Si tu as battu Brome-Missisquoi en auto ou à vélo, avoue, tu n’as jamais mis les pieds à Bolton-Ouest, ce secret (trop) bien gardé. Et au diable les jeux de mots faciles : tu auras la piqure pour Apiculture WB Gold et pour ce non-village qu’est West Bolton!

On y arrive généralement par l’autoroute 10, sinon par Lac-Brome. Des rangs bucoliques, des coteaux, des vallons et des belles maisons. Il fait bon se perdre dans les chemins de cette municipalité qui ne compte pas d’agglomération, mais néanmoins une vie vibrante depuis 2016 grâce au Collectif de Bolton-Ouest, un regroupement à but non lucratif de 40 propriétaires agricoles et forestiers qui développent de manière durable et rentable leur territoire.

Deux de ceux-là : le couple formé par Nancy Lanteigne et Syed Mohamed.
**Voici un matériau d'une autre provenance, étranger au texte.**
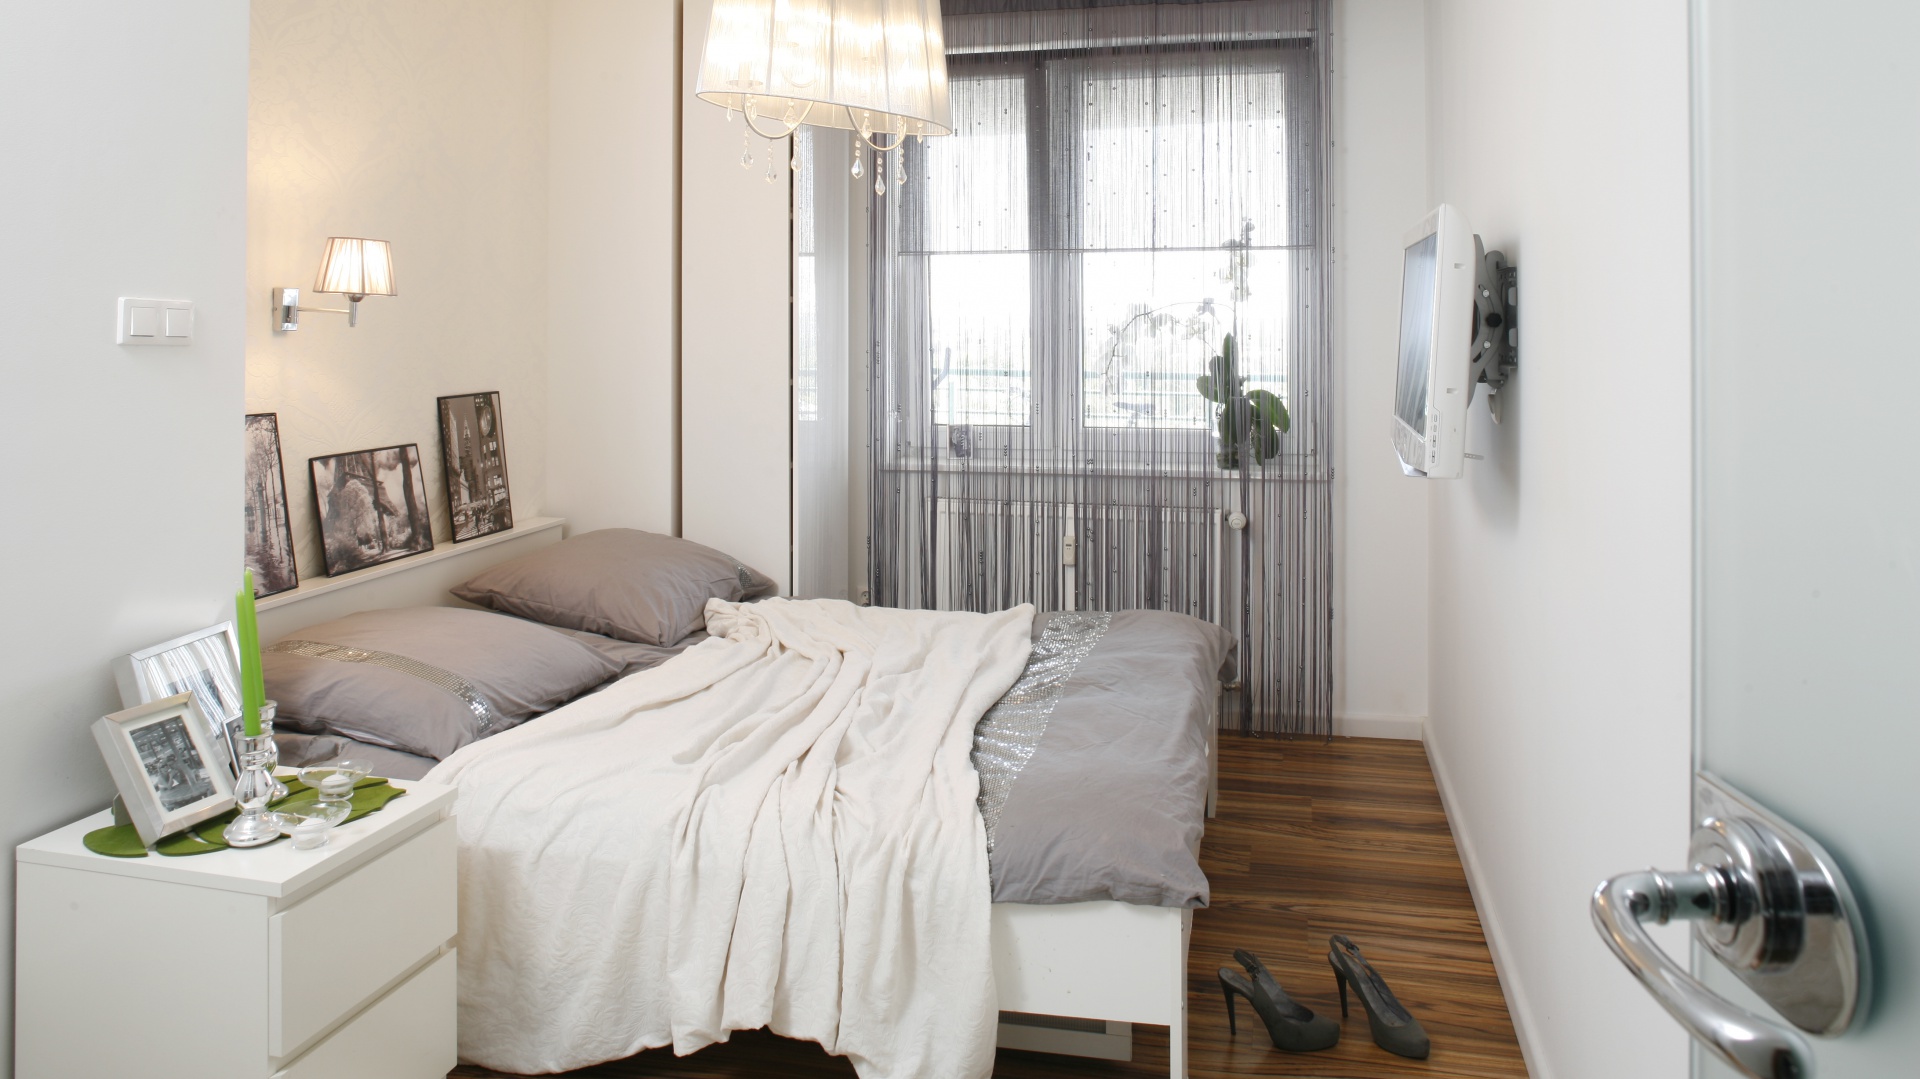 Mała sypialnia w bloku — jak wykorzystać przestrzeń? Inspiracje - Dom

Comme pas mal de résidents, ces natifs de Montréal ont été attirés il y a cinq ans par la verdure et l’air pur, notamment pour y élever leur petite Leilah. D’un « élevage » à l’autre, pourquoi pas les abeilles? Et les vaches Highland écossaise à long poil? « Je voulais des bisons, mais ce furent des vaches, celles de l’ancien propriétaire de la ferme! », rigole Nancy. Avec l’aide de Lise Boucher et John Badger, éleveurs émérites de Highland du même bled, ils ont appris les rudiments des ruminants.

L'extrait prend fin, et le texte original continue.